▸ **REQUIREMENT**: An exact transcription of all the data is required; the pictures are to be left out.

▸ **SOURCE DATA**:

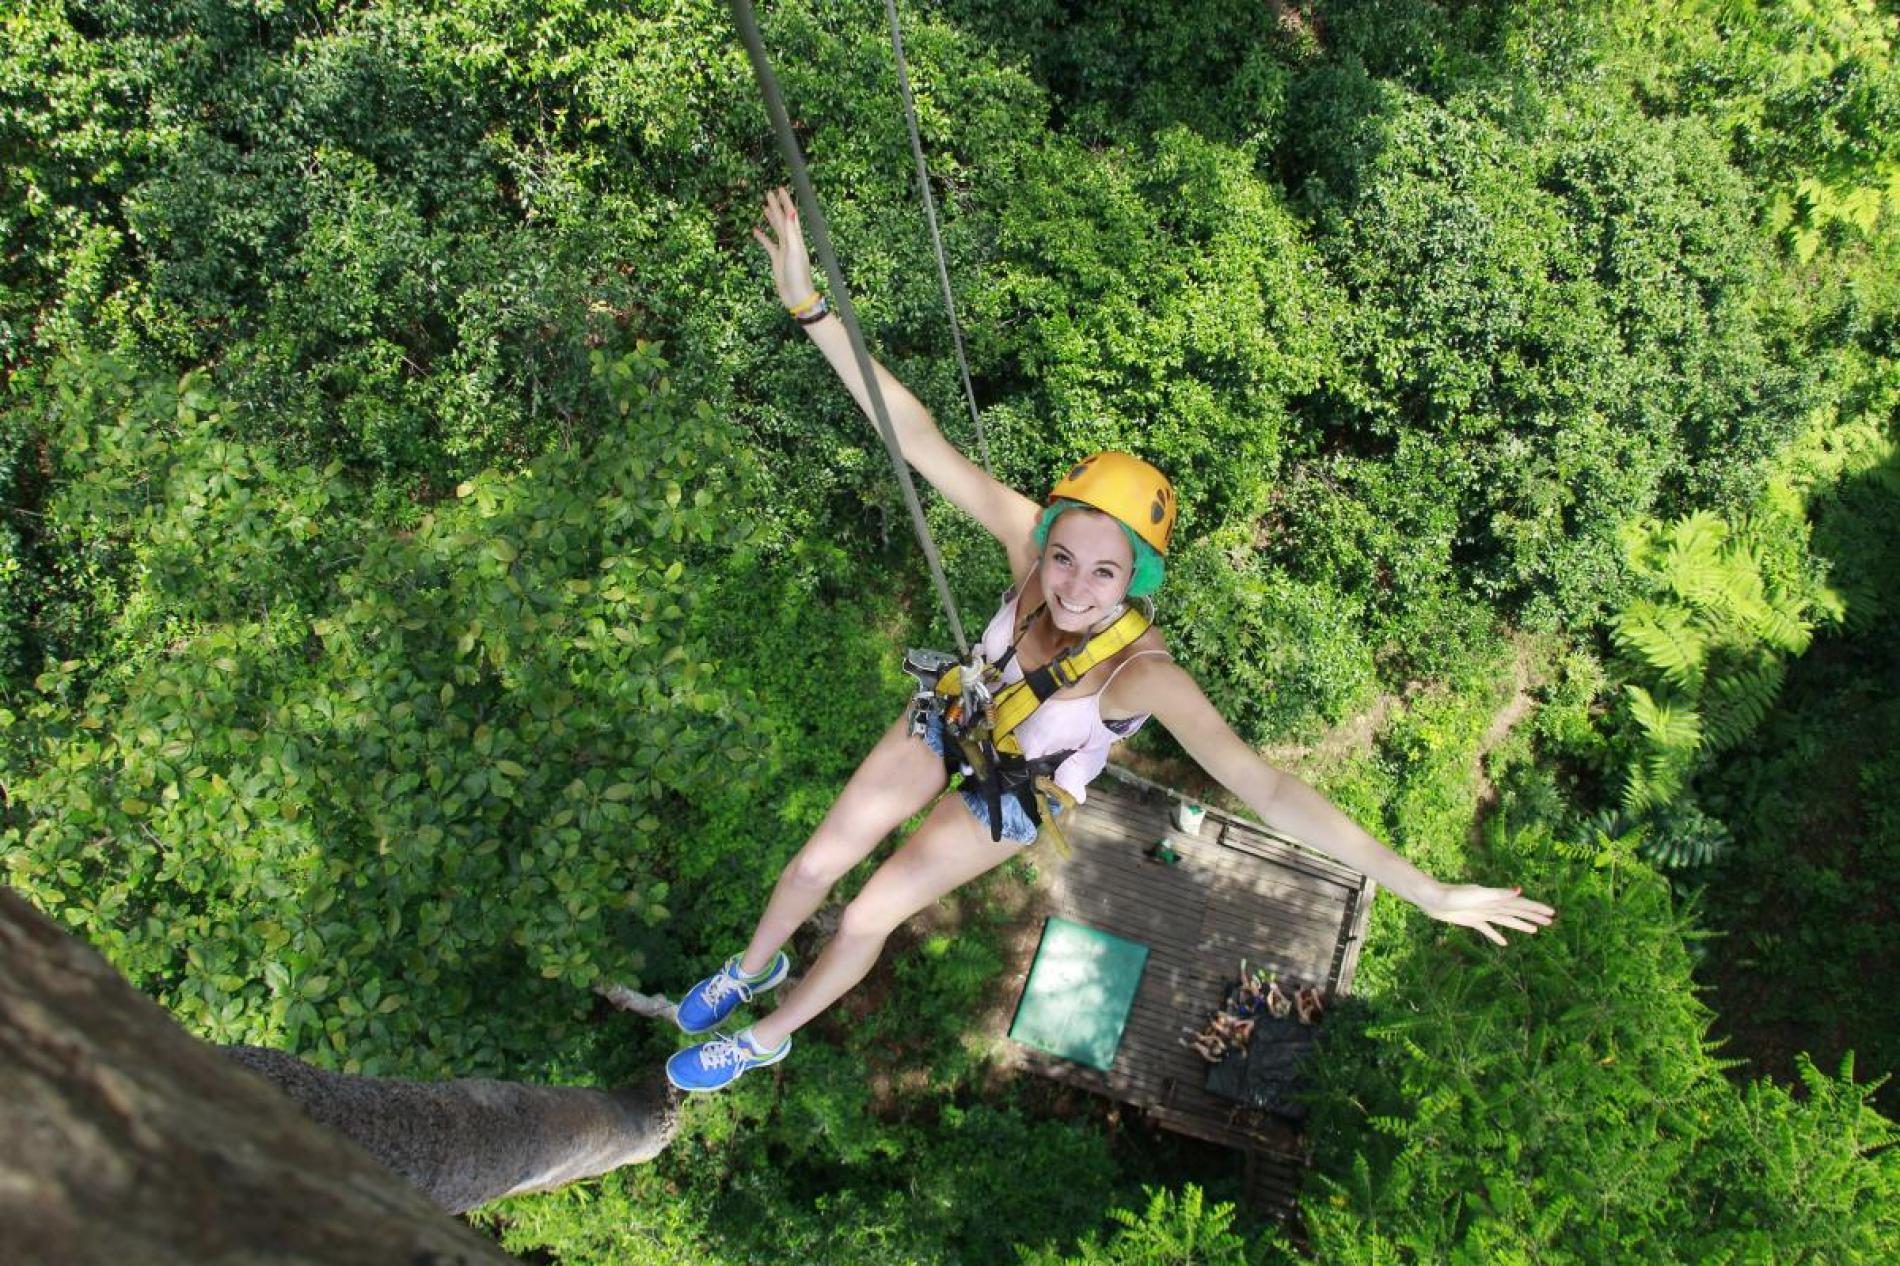 Dragon Flight - Top 3 places to experience zipline in Chiang Mai
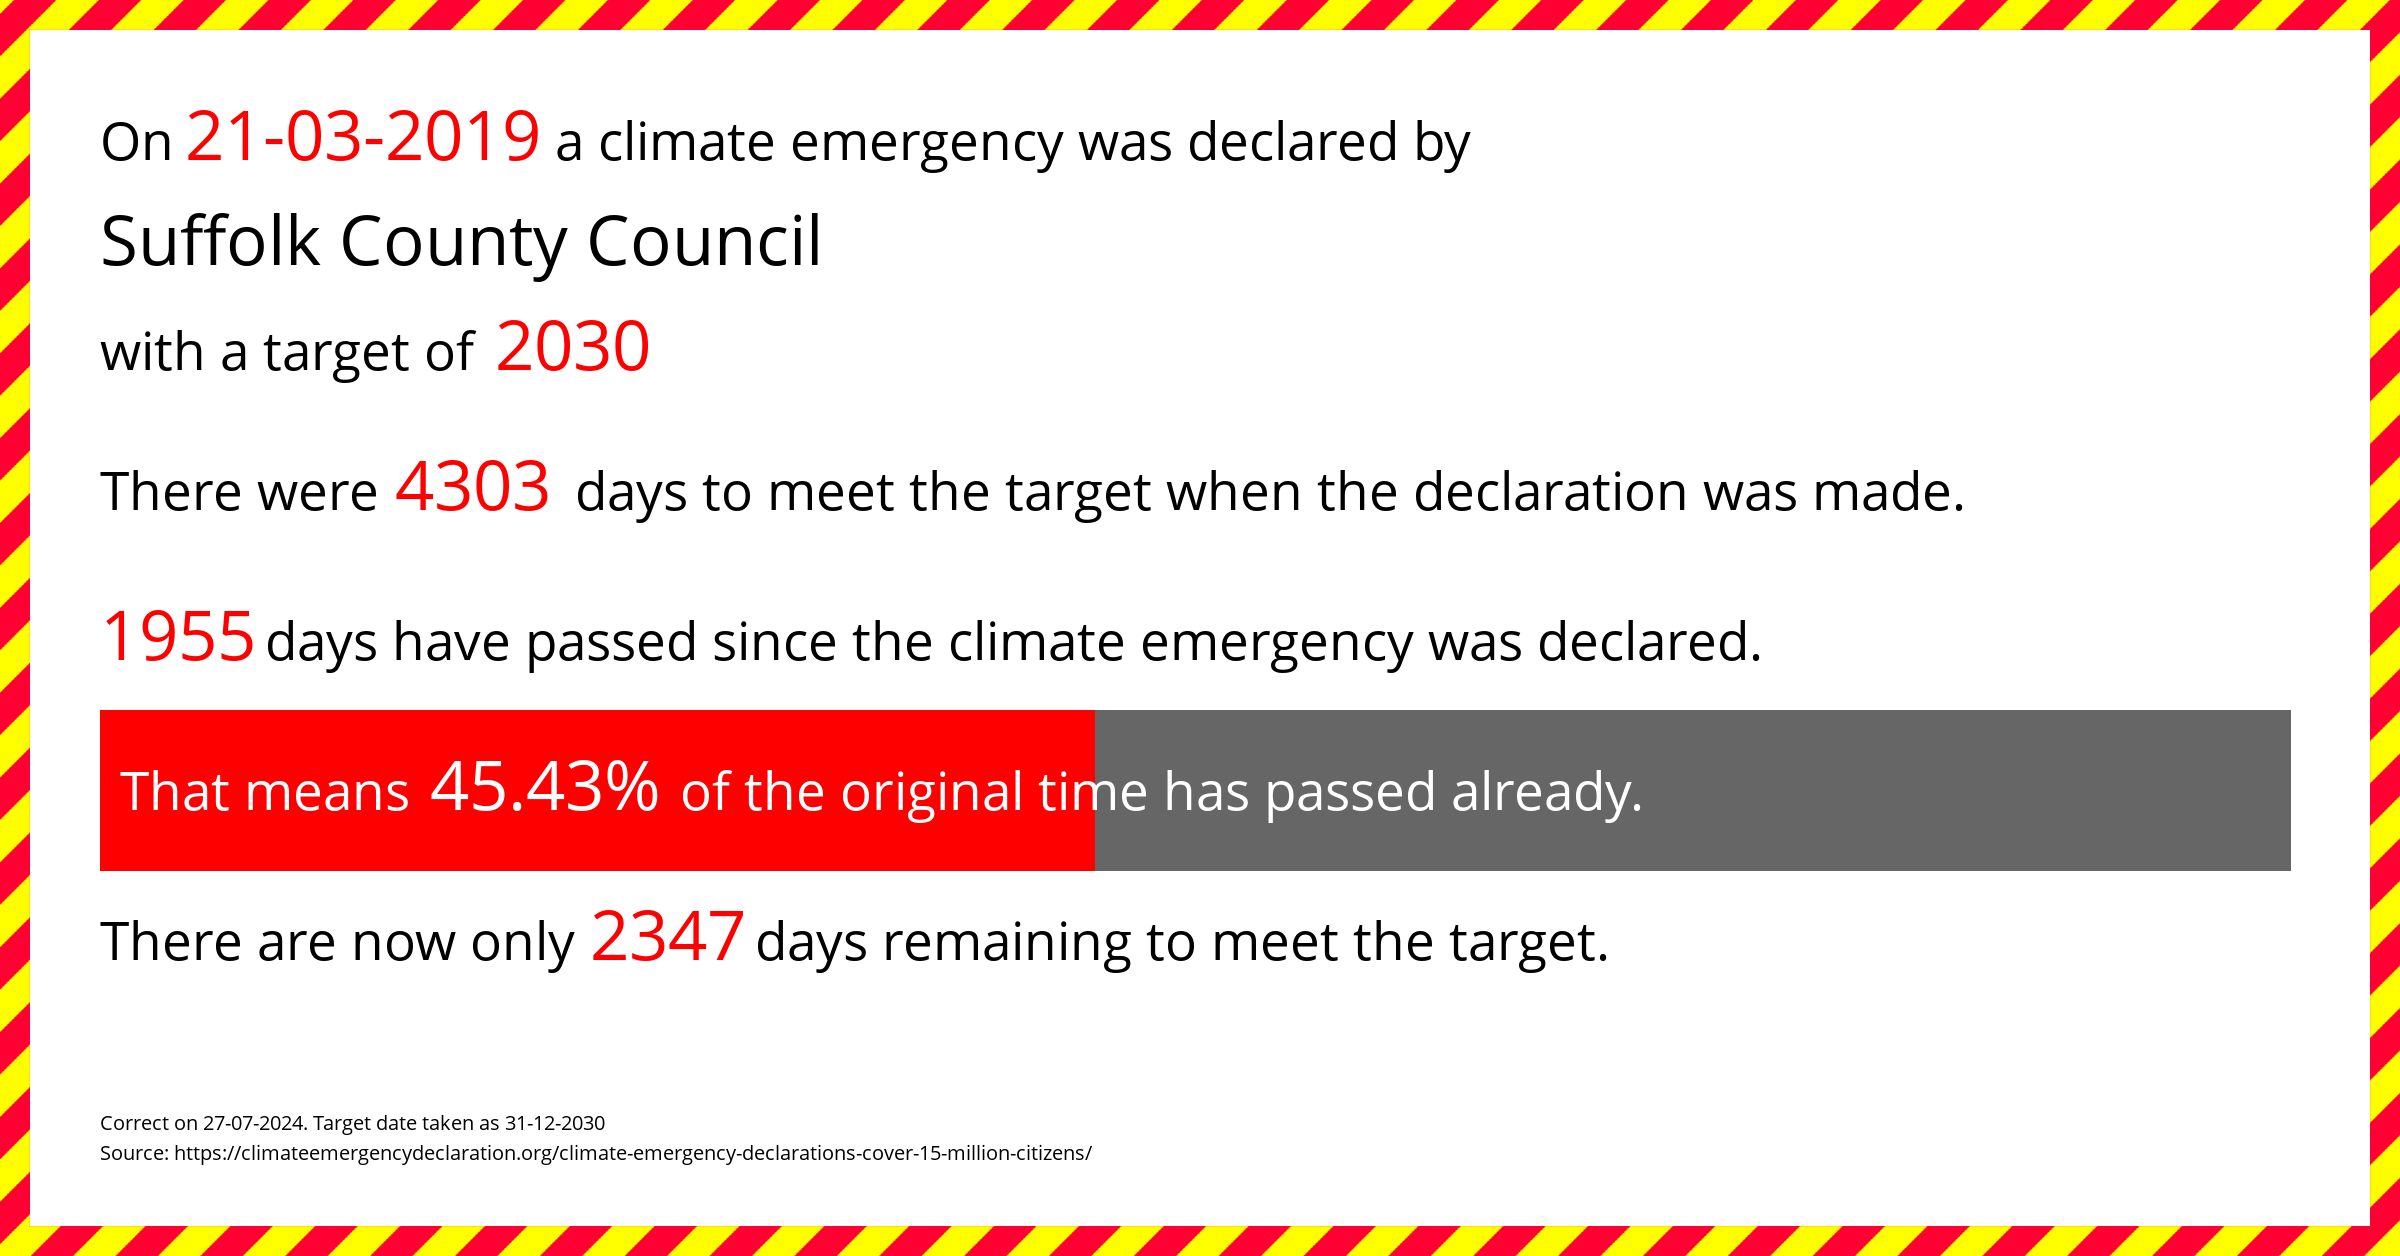 Suffolk County Council declared a Climate emergency on Thursday 21st March 2019, with a target of 2030.
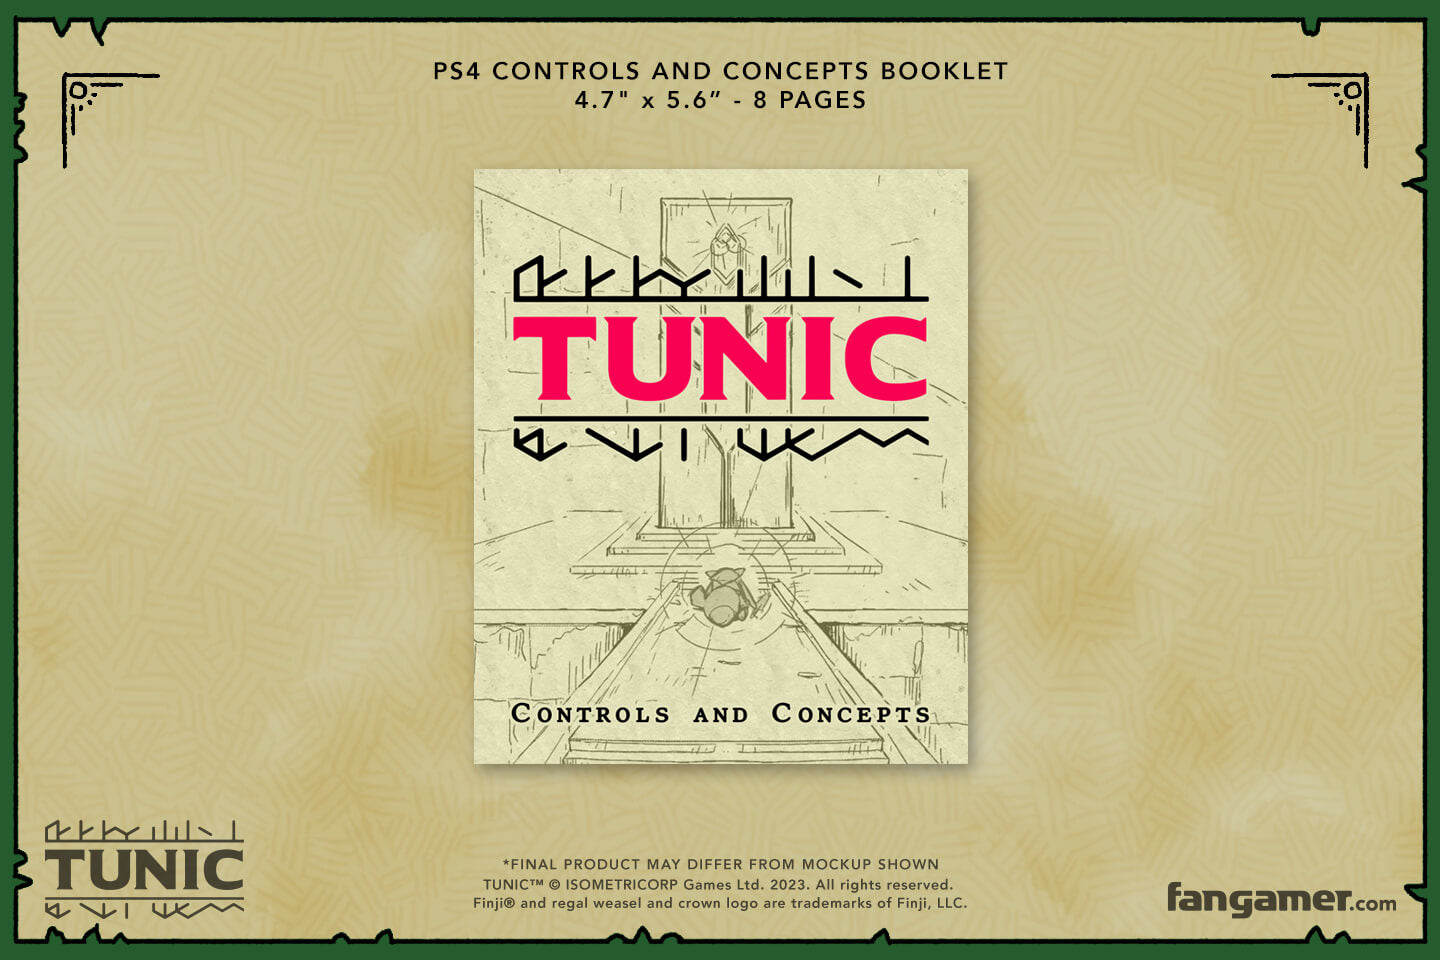  Tunic Deluxe Edition : Video Games

▸ **SOLUTION TO THE EXERCISE**:
 Dragon Flight - Top 3 places to experience zipline in Chiang Mai
 Suffolk County Council declared a Climate emergency on Thursday 21st March 2019, with a target of 2030.
  Tunic Deluxe Edition : Video Games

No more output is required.